Ex-squaddie Naomi Thriepland, 25, drove a black BMW convertible stashed with £170,000 of drugs into Folkestone – with her child by her side.
She told customs officials she was returning from a trip to take her daughter to Disneyland, in Paris, in December 2011.
But the truth was Thriepland, pictured left, had been to Amsterdam to load up with 3.44 kilos of heroin and another 12 kilos of cutting agents.
The drugs were hidden inside the expensive car's soft top when the mother, who lives in Cumbria, stayed at a hotel.
Thriepland, who admitted drug smuggling, claimed it was the first time she had been a courier – but investigators discovered the same BMW had been driven to the continent TWICE before.
And despite being four months' pregnant, she was jailed for four years at Canterbury Crown Court.
The ex-soldier – who quit to spend more time with her daughter and to train as a beauty therapist - sat stony-faced as the prosecution told of her deception.
But she broke down when a judge praised her service to Britain for her service in Iraq and Afghanistan.
A probe into Thriepland's financial dealings revealed that despite claiming to be paid just £7-an-hour for a 15-hour weekly job, £10,500 had been transferred into her bank account.

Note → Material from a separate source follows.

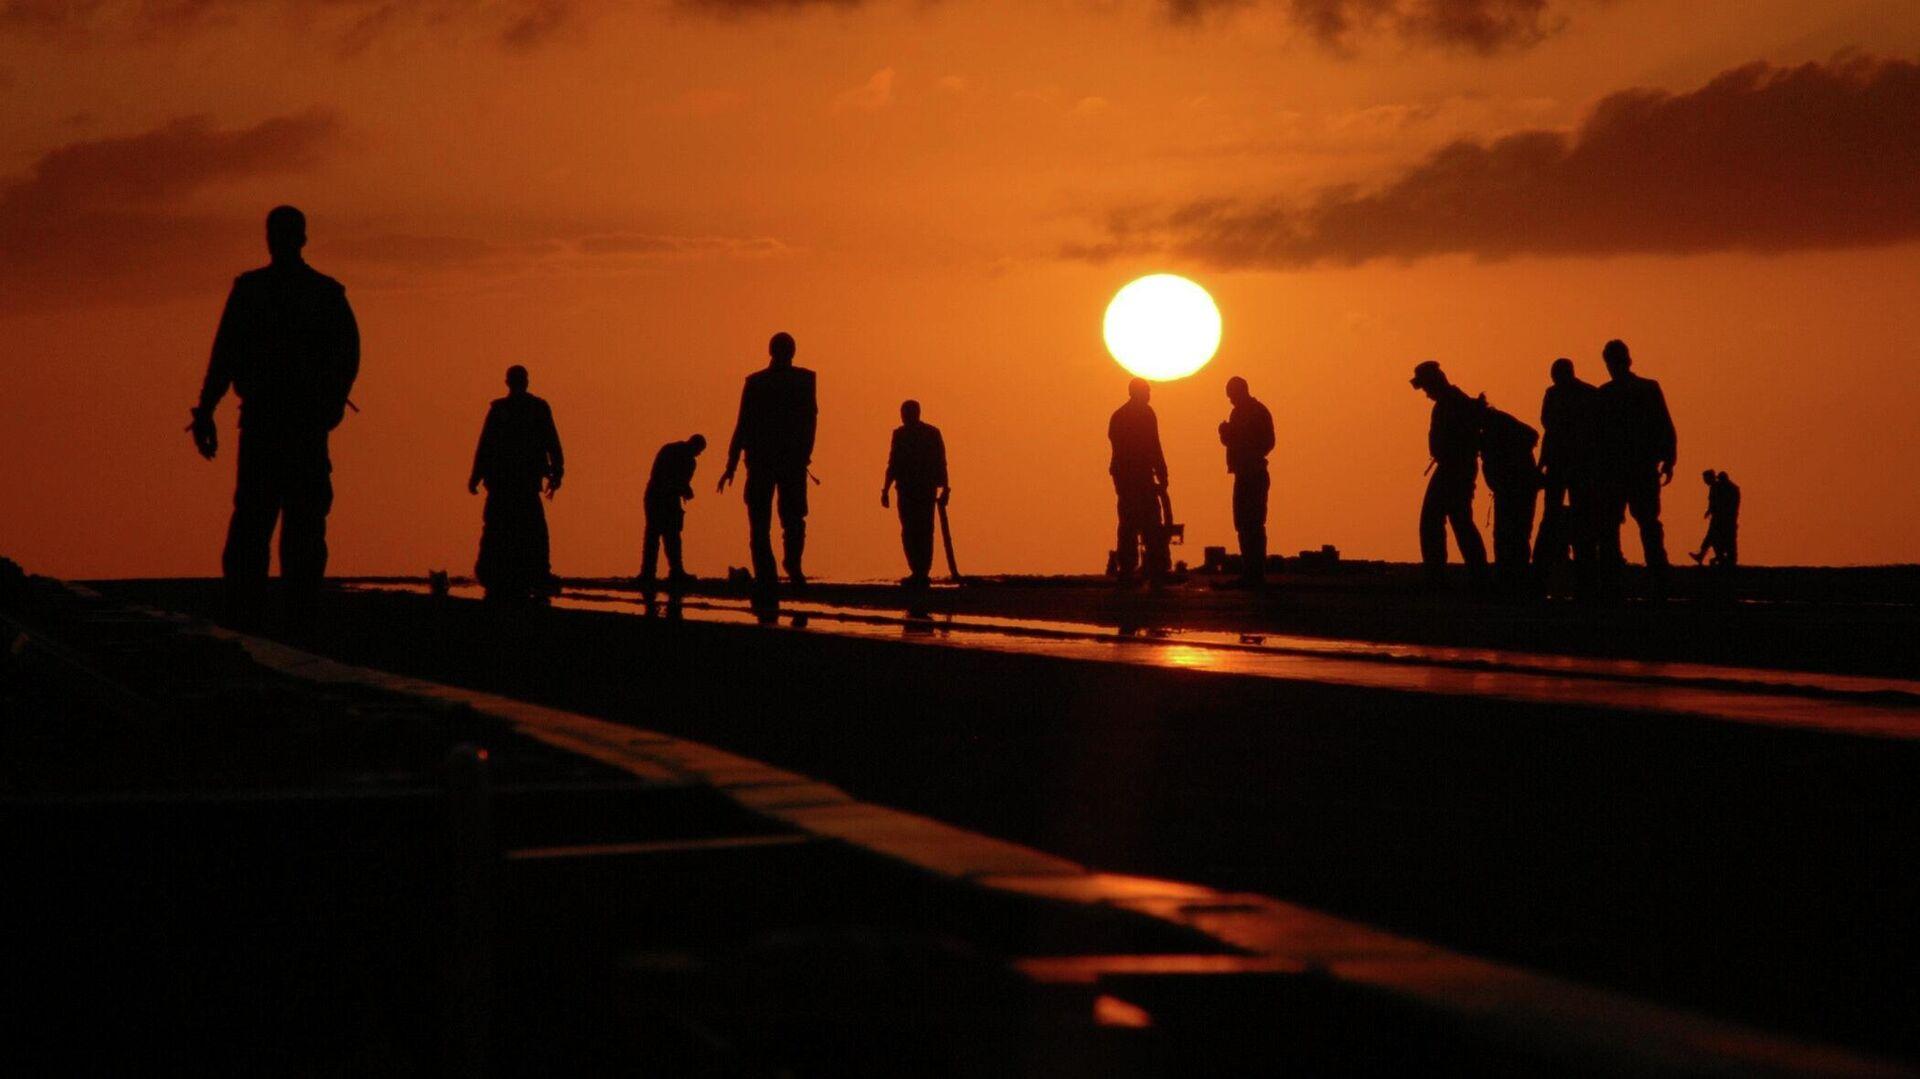 Силуэты мужчин на фоне заката - Sputnik Ўзбекистон, 1920, 30.09.2021

Drugs smuggler Naomi Thriepland was caught with heroin and cutting agents
Her barrister Christopher Baur said she agreed to be paid £8,000 for the drugs run, but hadn not acted in "malice or wickedness, but rather stupidity and with an element of greed".
"The situation she finds herself in is dire because she wasn't coerced into it, but neither was she a major player in the enterprise. She did it to better conditions for her child," he added.
He said Thriepland, who served in the Army for six years including with bomb disposal teams in Afghanistan, denied making previous drugs runs to Europe – but admitted one of the trips a month earlier had been a "dummy run".
Judge Heather Norton told her: "You made that trip in order to plan the drug smuggling run – and you did what you did for financial gain.
"More than that, you took your seven-year-old child with you as some kind of family cover - putting that child at risk. You claim you became a courier to give her a better life, but that child is now likely to suffer more than you.
"You have served this country with a number of tours in Iraq and Afghanistan and in perilous positions; so whatever else can be said about you, this was certainly out of character."